If you’ve not been to Alpine, let me just tell you that it’s nestled in mountains, the county seat of Brewster County, the largest county in Texas. Alpine is near the north end of the county. Big Bend National Park is at the south end.
As of 2020, the entire county had 9,546 residents. Of those, 6,035 live in Alpine. Those numbers weren’t that large when my folks moved there.
Alpine is 219 miles from El Paso. However, my folks usually opted to travel to San Antonio instead, even though that meant a journey of 378 miles one way.
My parents were well grounded in the tightly knit Alpine community. That was a time when friends had to pull together, first for the Great Depression, then for support in World War II.
During all that time – the first 17 years of their marriage – they were unable to have children. As a father, grandfather, and great-grandfather, I can only imagine their anxiety. Mom was a schoolteacher and school librarian, and my dad loved kids from the start.
And so it was that 80 years ago tomorrow the phone rang in that house and Omer and Lois Sperry heard that their son had been born in San Antonio. (I’m feeling tears well up in my eyes. I can’t even begin to picture the conversation that followed that call.)
I was adopted at birth. It actually took six weeks for them to accumulate enough gasoline and tire ration stamps to make the journey. Alpine pitched in to help. Everyone rallied around Omer and Lois. After I lost my mom in 1991 I found the extras of those stamps in a little box of her belongings.
My parents’ best friends were Dr. Bill and Lora Bell Lockhart. Bill was a physician. He was called into service during the war and spent most of four years in the Pacific Theater. Lora Bell wrote often, and I guess Bill brought all of her letters home, because one of their daughters has only recently come across them. About two weeks ago Mary Bell started sending me excerpts from them – things that pertained to Omer, Lois, her parents, and Baby Neil.
Please allow me to share a few of the best. Remember as you read these that Omer was 42 and Lois was 39 when I was adopted, and although both were from large families, they had lived in a quiet house together for 17 years. That was about to change.
(As I read these notes back and forth between the Lockharts I had to smile. I had the feeling that Mom and Dad had me out on a test drive through the community. I say that with all respect – see what you think.)
*May 14, 1944 Lora Bell to Bill:
Lois asked me today if I would go to Santone at the end of this month to help her come back with the baby. Of course I would like to go and if everything is OK here I believe I shall. I think Lois is getting quite excited and don’t blame her. There are many reasons why having a baby that way is a greater shock than the long months of preparation when one is more or less sure of the time of arrival.
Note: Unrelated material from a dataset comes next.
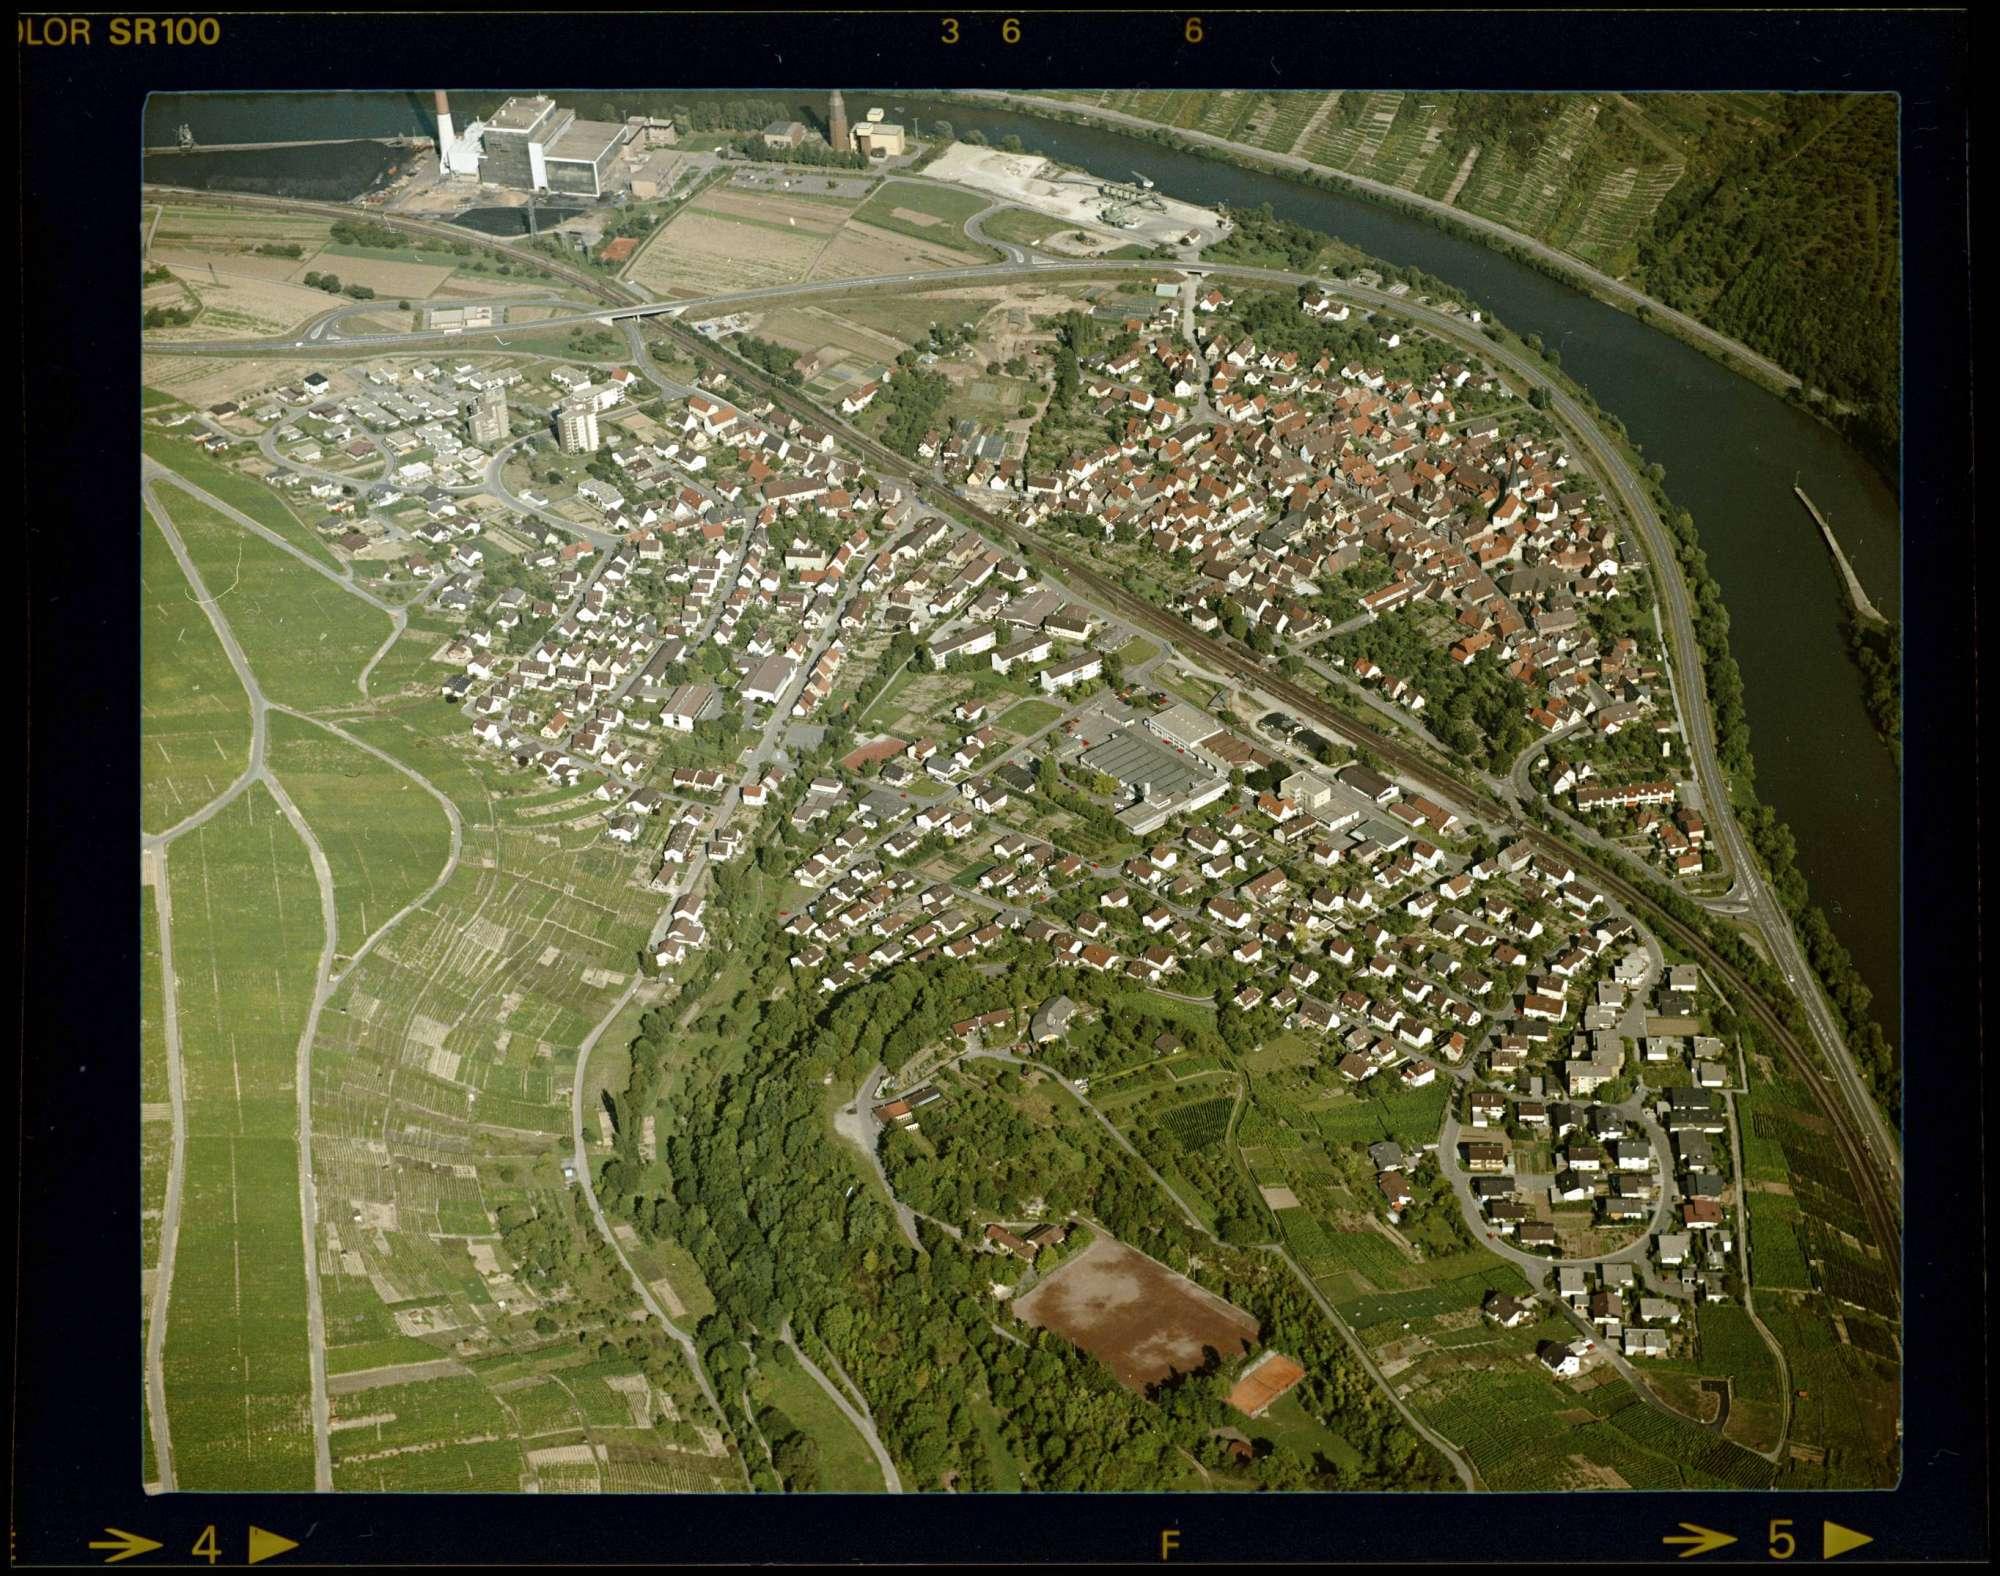 Walheim, Luftbild, Bild 1

Omer wouldn’t let her make any advance preparations so there are any number of things to be arranged for now. I do so hope the baby is all they expect, don’t you? They have considered it so long and weighed every angle so carefully it would be awful if it didn’t work out well now. Well, as soon as he arrives I will tell you all about him. I don’t see how they can wait so long to see him.
*May 27, 1944 Lora Bell to Bill:
Sent off an order to Sears today for various items needed and noted they advertise Kodachrome film. I ordered a roll and hope we get it. Omer will take them with his 35 mm. I imagine the Sperry baby will be the most photographed kid in the world, don’t you?
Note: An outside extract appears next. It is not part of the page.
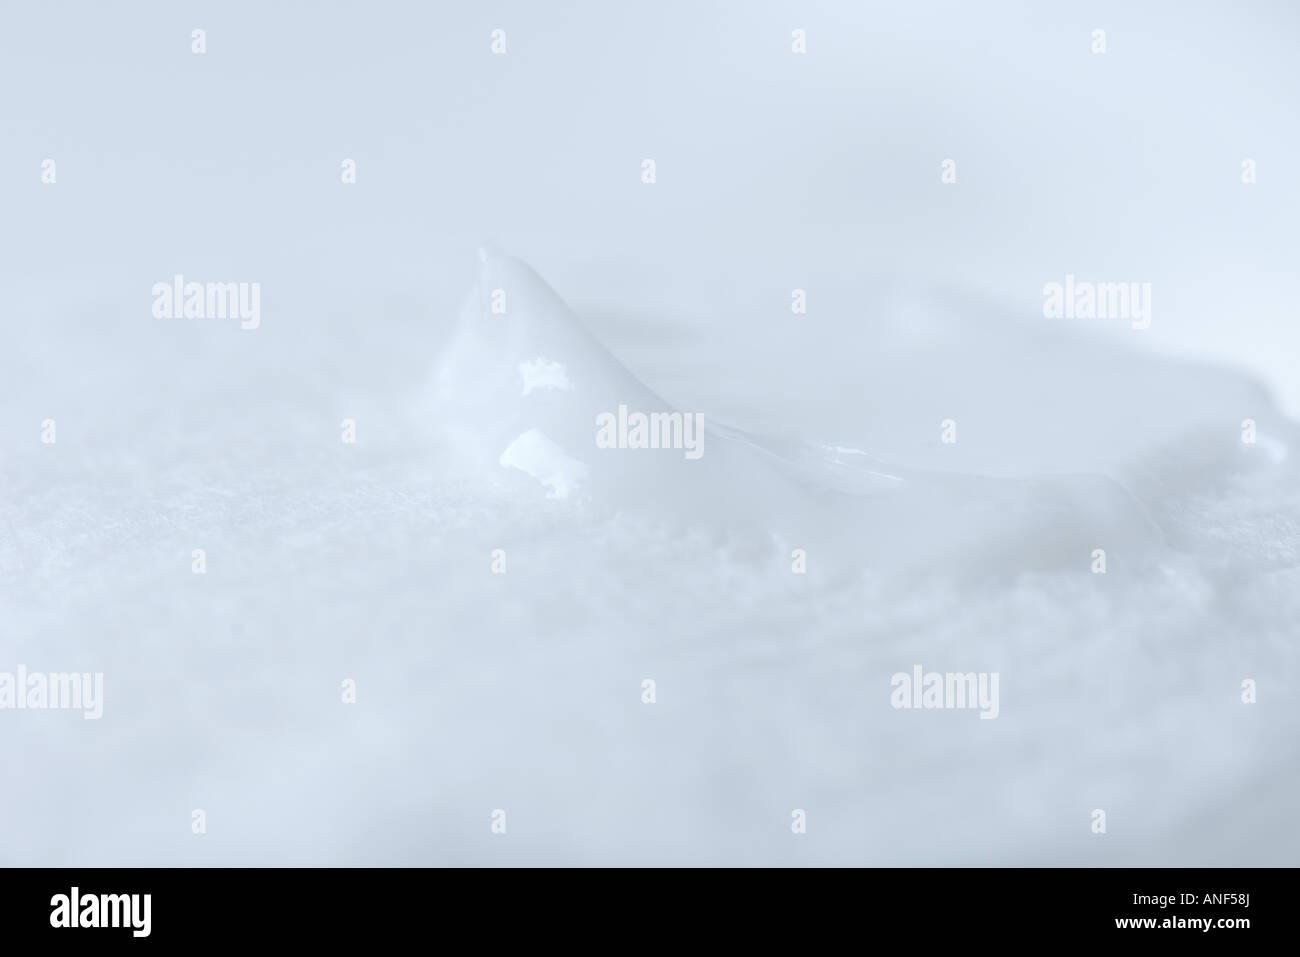 Loción en algodón, extreme close-up Imagen De Stock

…. Sperrei leave for Santone tomorrow to get the new edition.
*May 31, 1944 Lora Bell to Bill: Tomorrow the Sperrys are due home with the baby.
*June 2, 1944 Bill to Lora Bell:
I am glad that Omer & Lois have adopted a boy! The kids will think that you just go to Santone & come back with a baby – just like that!
*June 2, 1944 Lora Bell to Bill:
We went over to view the Sperry baby last evening. He is a nice looking baby now at four weeks. I believe they are both satisfied and happy about it – if a bit tired.
*June 29, 1944 Lora Bell to Bill:
What do you think of little Sperry? Isn’t he cute? Lois feels and looks so well. I think she is a different person.
August 27, 1944 Lora Bell to Bill:
Were over at Sperrys last eve. Lois and Omer tied down with Neil prefer to have us come there….. Little Neil is growing so fast. They both are beginning to think a lot of Neil though. Even Omer was telling some little tales about his behavior.
September 12, 1944 Bill to Lora Bell:
Glad the Sperrys are happy with Neil. I believe your joy increases as the child grows older – particularly after they can talk & look after most of their affairs.
October 7, 1944 Lora Bell to Bill:
Lois and Omer came by with Neil a few minutes last evening. The baby smiles so at Omer we can see they are already good friends. Lois says they are ganging up on her. He is so cute with the biggest blue eyes you ever saw.
October 15, 1944 Bill to Lora Bell:
Glad Omer & Lois are happy about Neil – I imagine their entire lives have changed.
October 16, 1944 Lora Bell to Bill:
I drove with Lois to Marfa tonight. Omer has been out on field trips with some big botanists who are here – and of course need him to ‘show them around.’ Tomorrow they go to Presidio. They are looking for certain things and of course you know Omer – he has this country pretty well spotted. Well we went over early and had supper at the Old Borunda. It was very good food. We came right home. Had a nice visit. I don’t have much time to visit with Lois anymore. She has Neil you know. He is so cute and was so good on the trip.
Back to why I called this meeting (from Neil)…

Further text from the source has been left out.